French film director

Nicolas Philibert (/fr/; born 10 January 1951) is a French film director and actor.

==Biography==
Philibert was born in Nancy, France. He studied philosophy in the University of Grenoble. Philibert's father was a film lecturer and he attended his talks in his youth, which encouraged him to embark on a career in the film industry. He started it with filmmaker René Allio in 1970, as a trainee on Les Camisards and then as an assistant on Rude Journée pour la reine (1973), and assistant-director on Moi, Pierre Rivière, ayant égorgé ma mère, ma sœur et mon frère... (1975).

In 1978 he co-directed with Gérard Mordillat a feature documentary His Master's Voice, in which a dozen bosses of big industrial groups discuss power, leadership, hierarchies and the role of unions.

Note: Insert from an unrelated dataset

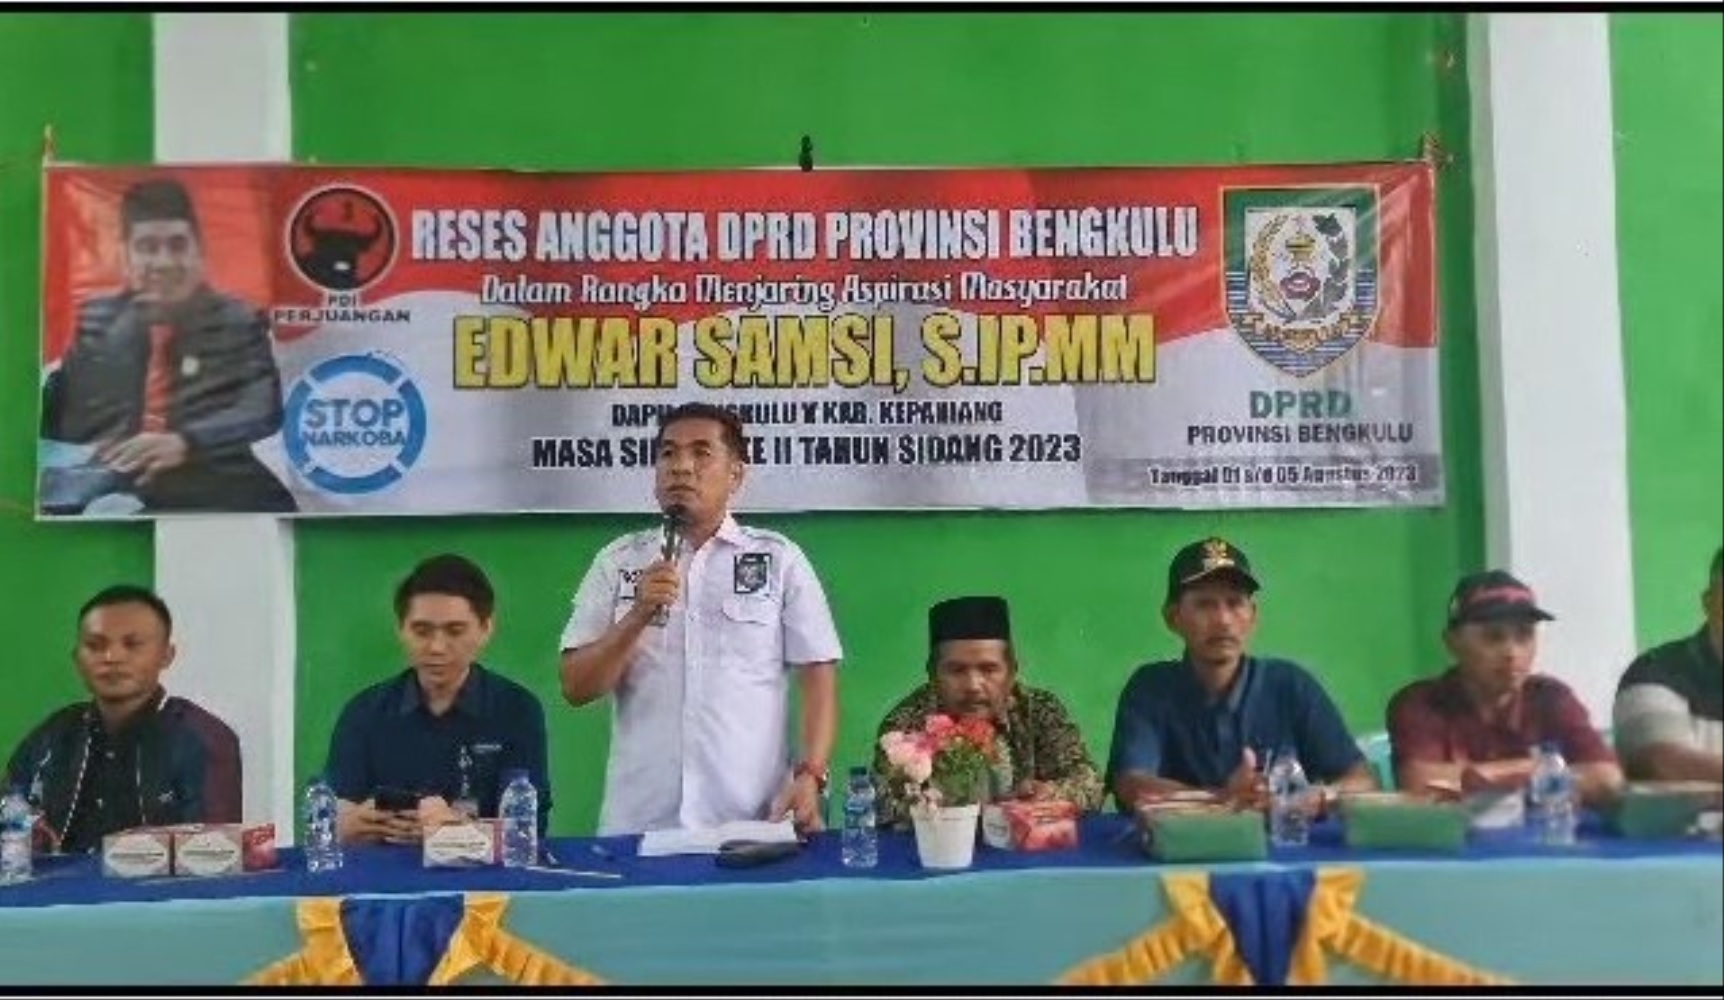 Hari Kedua Reses di Desa Bandung Jaya, Anggota DPRD Prov Edwar Samsi Paparkan Program BPJS Kesehatan

Between 1985 and 1987, he made several films about mountains and adventure for TV, then turned to making feature-length documentaries for theatrical distribution: La Ville Louvre (1990), Le Pays des sourds (1992), Un animal, des animaux (1995), La Moindre des choses (1996) - at the psychiatric clinic of La Borde, as well as an experimental film with the pupils of the theatre school Théâtre national de Strasbourg, Qui sait? (1998).

In 2001, Nicolas Philibert made Être et avoir, about daily life in a single class school on a small village in the Auvergne. It won the Prix Louis Delluc 2002, and became a box office and critical success in France and internationally. The film was screened out of competition at the 2002 Cannes Film Festival.

With Retour en Normandie (2007), he revisited the traces of a previous films, made thirty years earlier by René Allio, with local peasants playing the lead roles. With Nénette (2010), made at the Ménagerie du Jardin des plantes in Paris, he produced an intimated portrait of the most famous of its inhabitants a female orang-utang, Nénette, held in captivity for 36 years.

La Maison de la radio (2013), takes us into the heart of the French Radio headquarters in Paris, finding out who inhabits the place and discovering the mysteries of its long corridors.

Over the last fifteen years there have been more than 120 retrospectives or 'homages' to Philibert organised internationally including the British Film Institute (London) and the Museum of Modern Art (New York).

He was one of the directors invited to nominate his favourite films in the British Film Institute's 2012 poll.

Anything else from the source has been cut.